IBM SPSS Statistics permet aux entreprises de rester compétitives sur des marchés mondiaux dynamiques, où l’évolution des préférences des consommateurs rend essentiel non seulement la conquête de nouveaux clients, mais aussi leur fidélisation, tout en améliorant l’expérience client globale. Grâce à SPSS Statistics, des secteurs tels que la vente au détail, le commerce électronique, les télécommunications, les voyages et l’éducation peuvent interpréter le comportement des consommateurs, obtenir les meilleures informations sur ces derniers et concevoir leur parcours client. Notre solution contribue à favoriser le succès à long terme en créant des campagnes ciblées et des offres personnalisées pour améliorer la satisfaction globale des clients.
Voyons comment les mesures répétées de GLM permettent d’évaluer l’efficacité des promotions.
SPSS GLM Multivariate Analysis permet d’analyser simultanément plusieurs variables, de découvrir des relations et des schémas clés et d’obtenir des informations précieuses concernant le comportement des clients. Cette approche vous permet de segmenter et d’identifier les groupes de clients qui partagent des besoins similaires.

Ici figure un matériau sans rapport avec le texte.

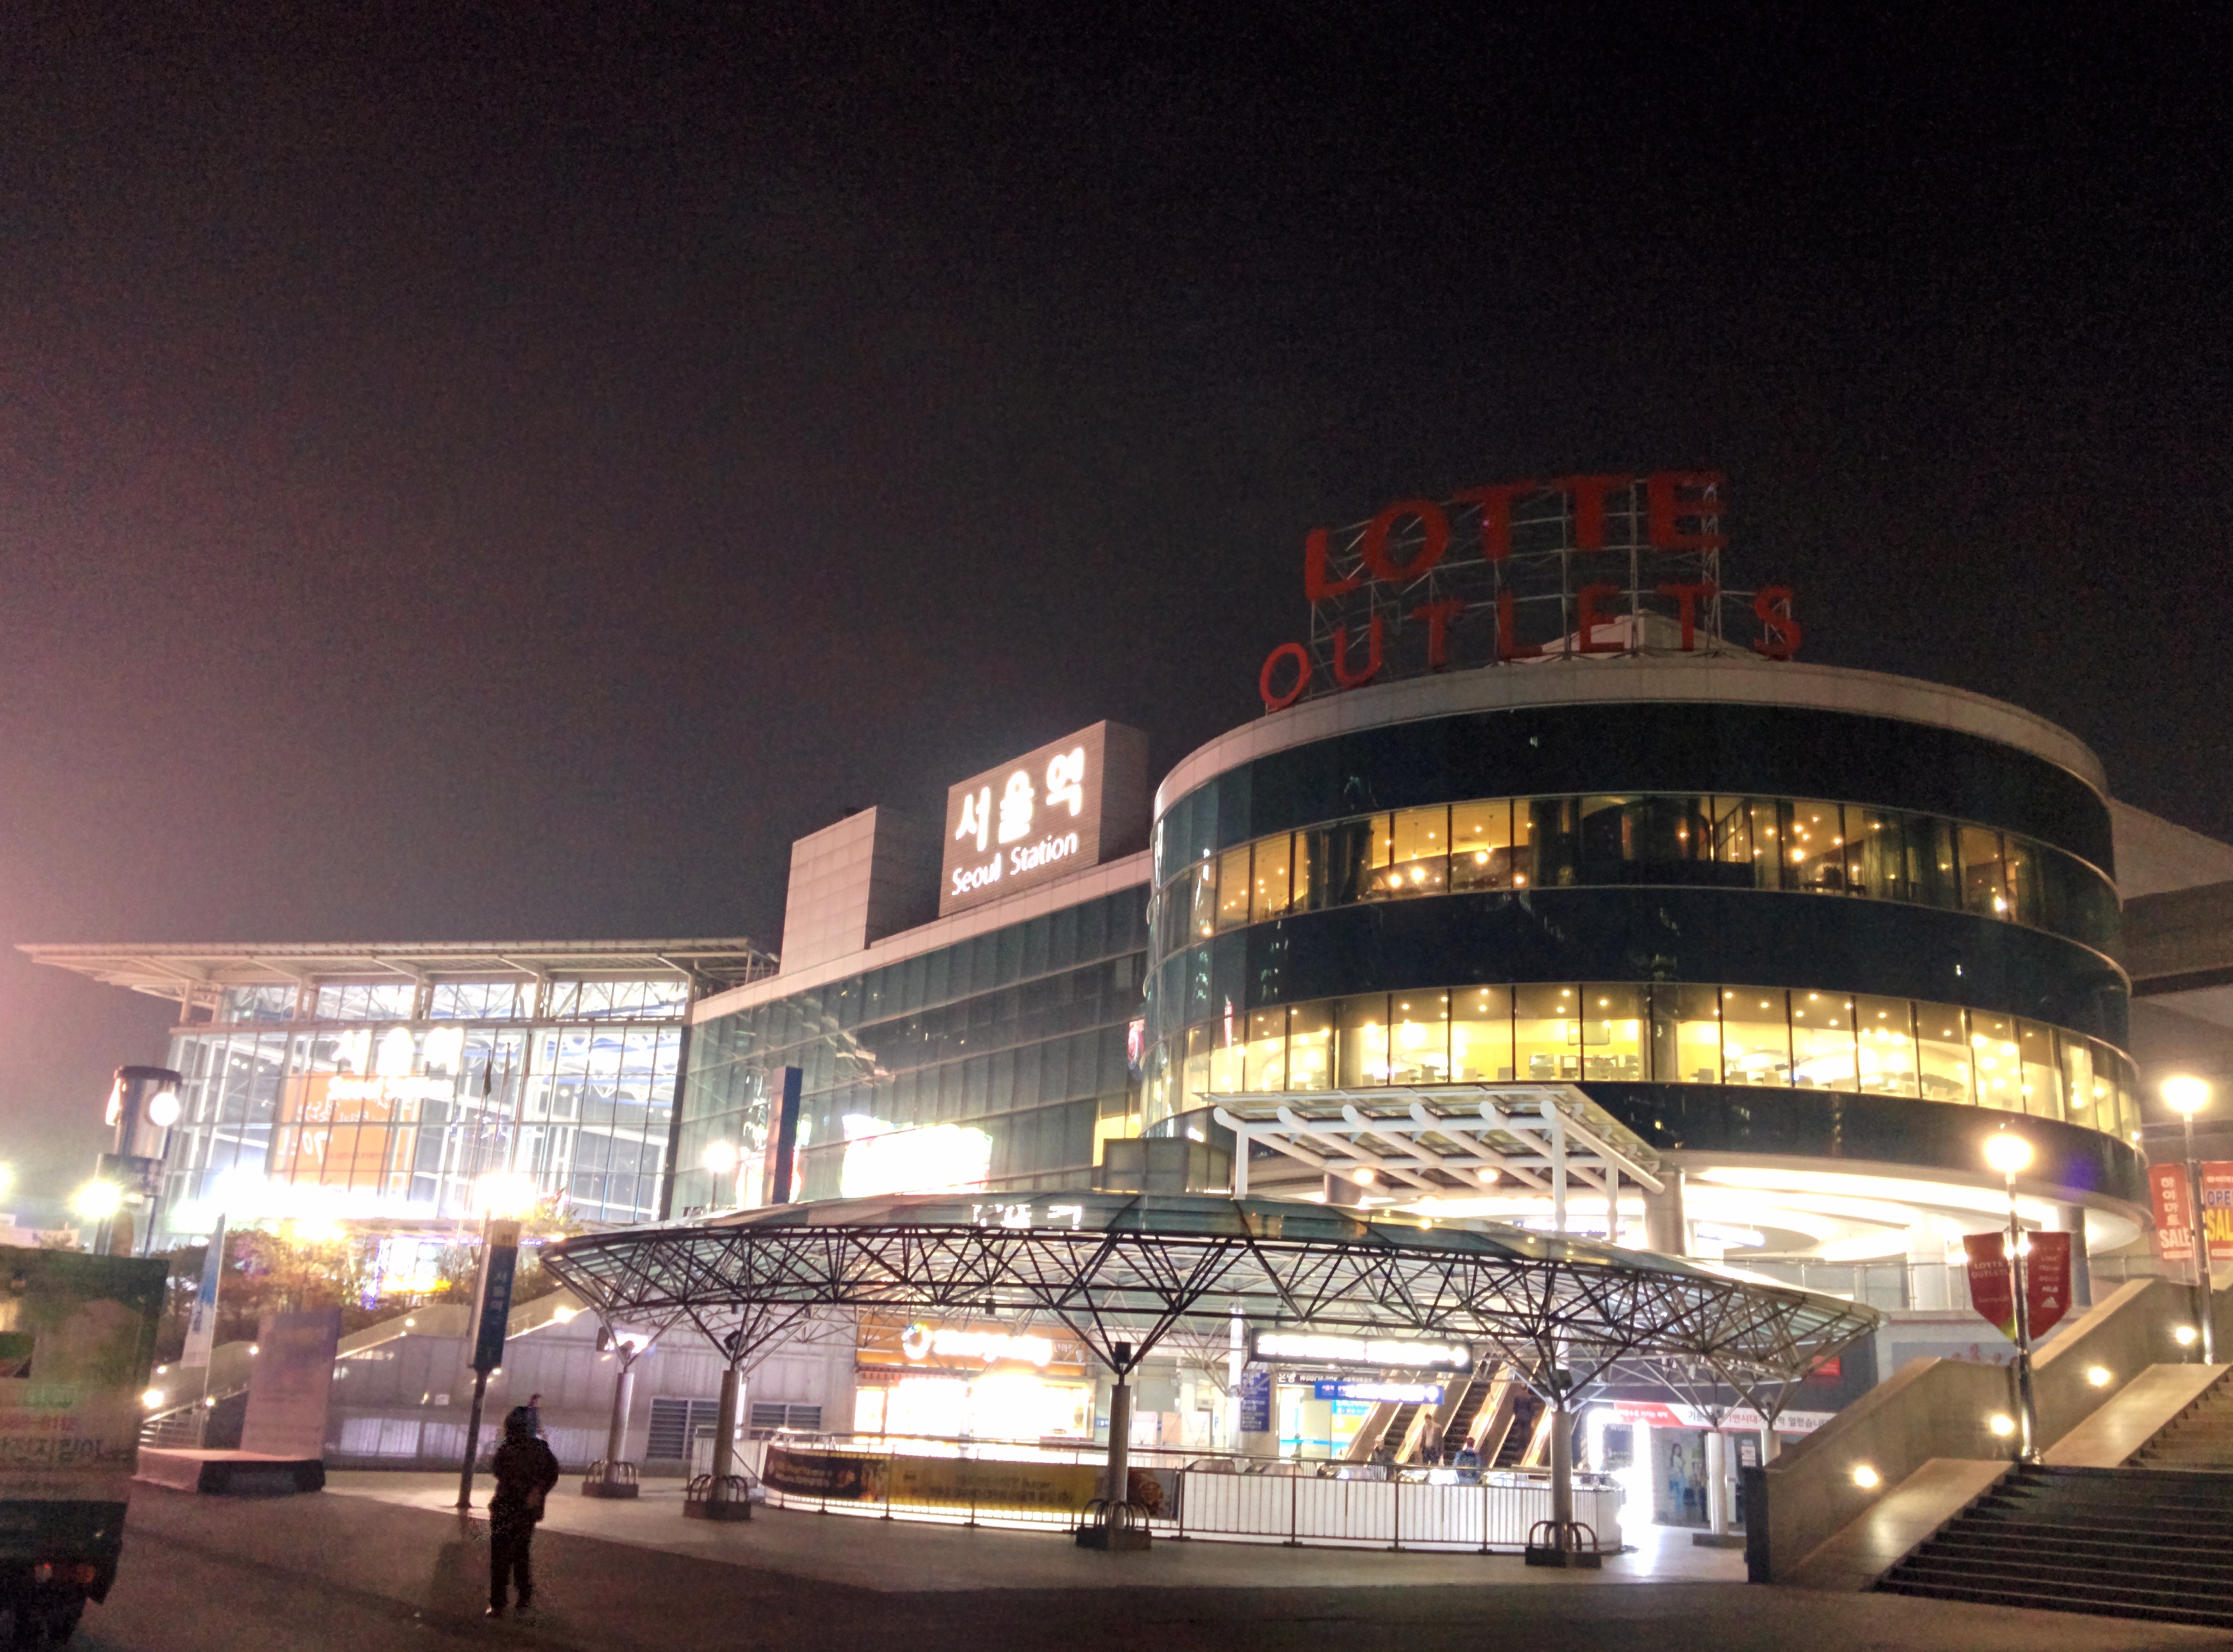 IMG_20151110_062418.jpg 새벽의 서울역 풍경

Vous pouvez également examiner l’impact combiné de divers facteurs (tels que les données démographiques, les comportements d’achat, les interactions avec les clients et les niveaux d’engagement client) sur l’acquisition de clients, afin de comprendre quelles sont les combinaisons de facteurs qui sont centrées sur le client ou qui stimulent la fidélité.
Tirez parti des statistiques bayésiennes pour analyser les données clients provenant de multiples sources de données de manière dynamique et axée sur les probabilités. Vous pouvez ainsi prédire les réponses potentielles des clients en évaluant la probabilité de différents résultats, ce qui vous aide à hiérarchiser les stratégies qui maximisent l’efficacité de vos campagnes marketing. Cette approche réduit le besoin d'efforts coûteux par tâtonnements, garantissant une allocation efficace des ressources.
Appliquez SPSS Cox Regression pour analyser les relations critiques entre divers comportements des clients et la chronologie d’événements spécifiques, tels que l’achat initial ou le renouvellement d’un abonnement. En évaluant l’influence de plusieurs variables, vous pouvez segmenter les clients en fonction de modèles temps-événement similaires, tels que ceux susceptibles de se convertir ou ceux à risque de désabonnement. Cette technique vous aide à prendre des décisions plus ciblées, afin d’améliorer les efforts de marketing et de fidélisation.
SPSS Hierarchical Modeling vous permet d’analyser la nature hiérarchique des données client, en tenant compte des relations complexes entre les caractéristiques individuelles, les canaux marketing et les spécificités des campagnes. Cette approche vous permet d’identifier comment les clients réagissent différemment aux différents canaux et campagnes, en fonction de leur segment et de leur implication dans les campagnes.